Burning up
It was already way too late by the time the fever broke. It had already made mush of all the parts of my brain that had still been functional by that point. It’s strange how getting sick as an adult is far worse for me than it was as a child. I don’t remember getting illnesses like this, where my body was cooking itself so hot that I couldn’t remember which day it was or if I had eaten already. Where I could only manage to be awake for about 4 hours at a time. I went to sleep last night bundled up, woke to my alarm completely naked, pondering how often I’d jolted up at various points, thinking how weird it was that I had had the exact same dream no less than 5 times. Something about math class and dangerous people I don’t talk to anymore.

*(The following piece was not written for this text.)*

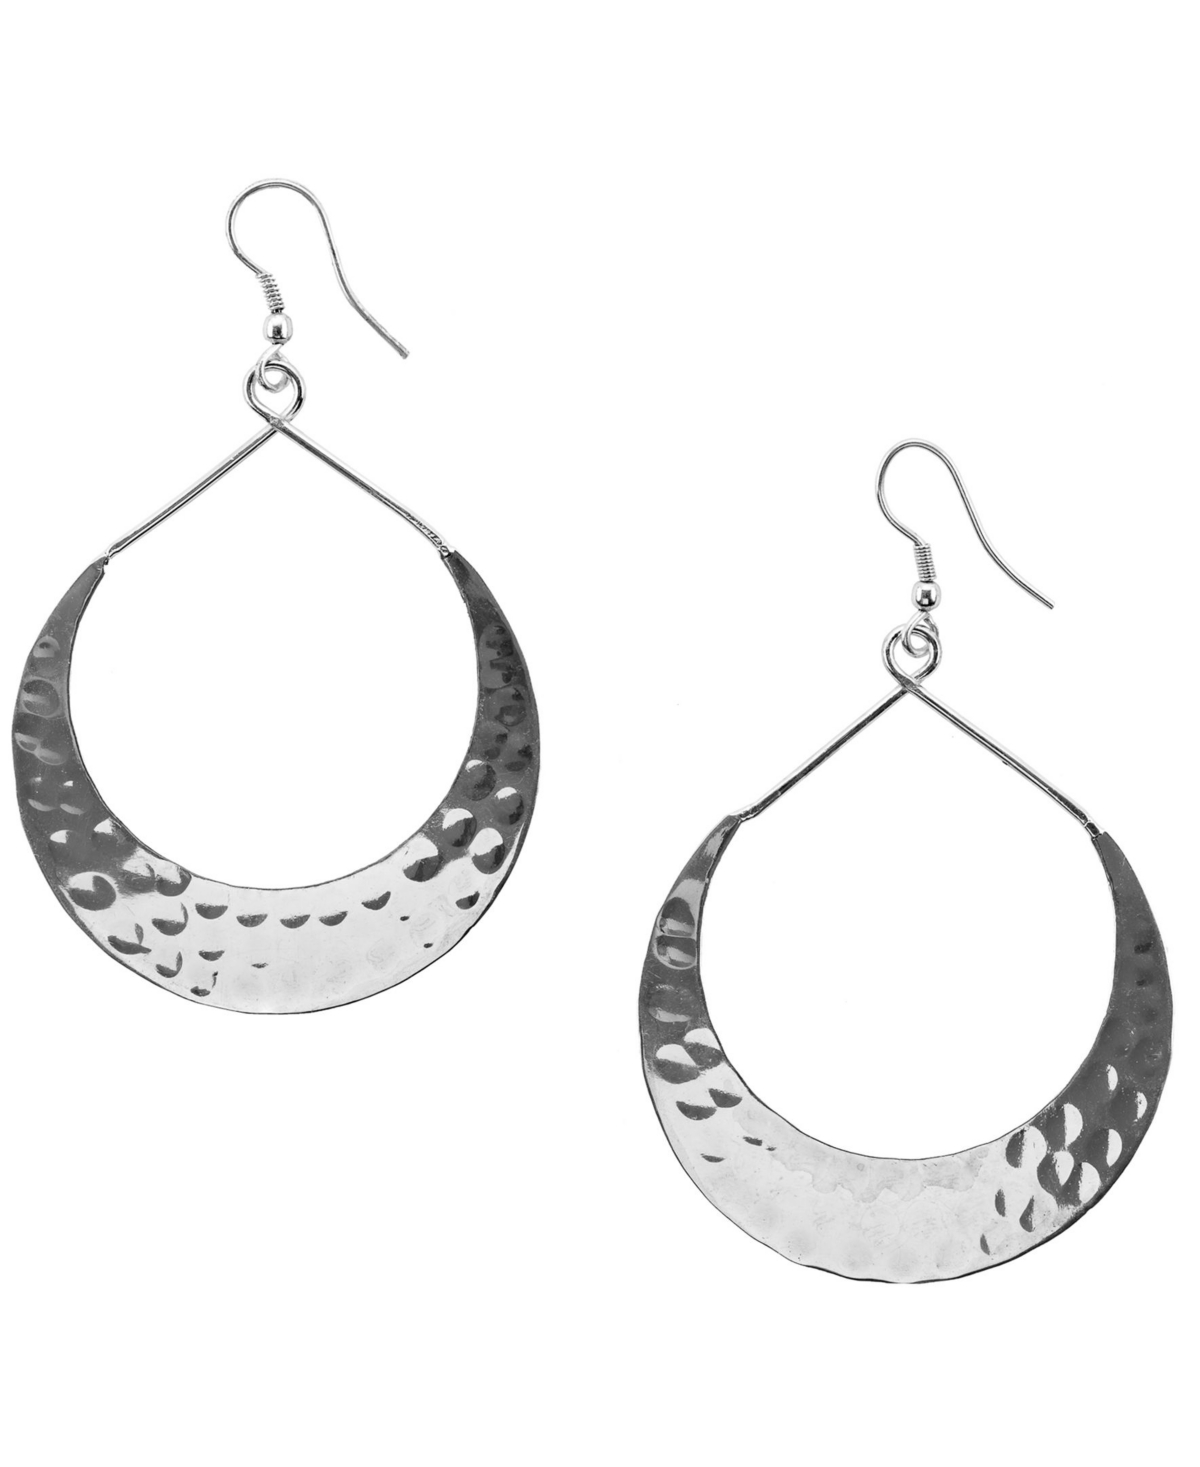 Women's Lunar Crescent Hoop Earrings - Silver Tone

Maybe my humors were out of balance. In the old days they could have leached me, laid me down on a table and dappled my arms in fat black parasites. Anything to stop the burning. Fevers are hard because it’s like you can feel your body dying in real time. I always think of Mary Ingalls going blind in the one room cabin.
I was thinking about the alchemical implications of rampant fevers, sourced from the original alchemical process of heat—fire as a purifying element. Melting, scorching, burning, charring. I don’t think it matters much. But the idea that we have to suffer to be made well, and that suffering usually happening through something like hell, well. The fever had broken by the time I got to work and it felt like I just survived an exorcism. Perhaps I did.
Three hours later my nose is bleeding in the bathroom and I’m thinking about perforated septums for the first time in a year and a half. Thinking about how badly I want to quit. Kicking myself that I begged God for so long to be corrected in mind, body and soul, and I expected that it would be some kind of spiritual mental occurrence rather than a physical one. Johnny Cash postulated the burning ring of fire. I was there, in the ring, hanging upside down in the bathroom holding a skillet listening to audio tapes of Allen Ginsberg. Burning ring of fire. So stupid that the answers to everything stay dangling too close to our faces for us to see.
To acclimatize your body when in a feverish state you need to use its mirror. You need to become cold. Go lay in the snow or take a cold shower if you can stand. To do—to become—yes. To do anything you need to do the other thing too. Every action has its equal opposite. To neutralize my anger and conquer the beast I needed to forgive.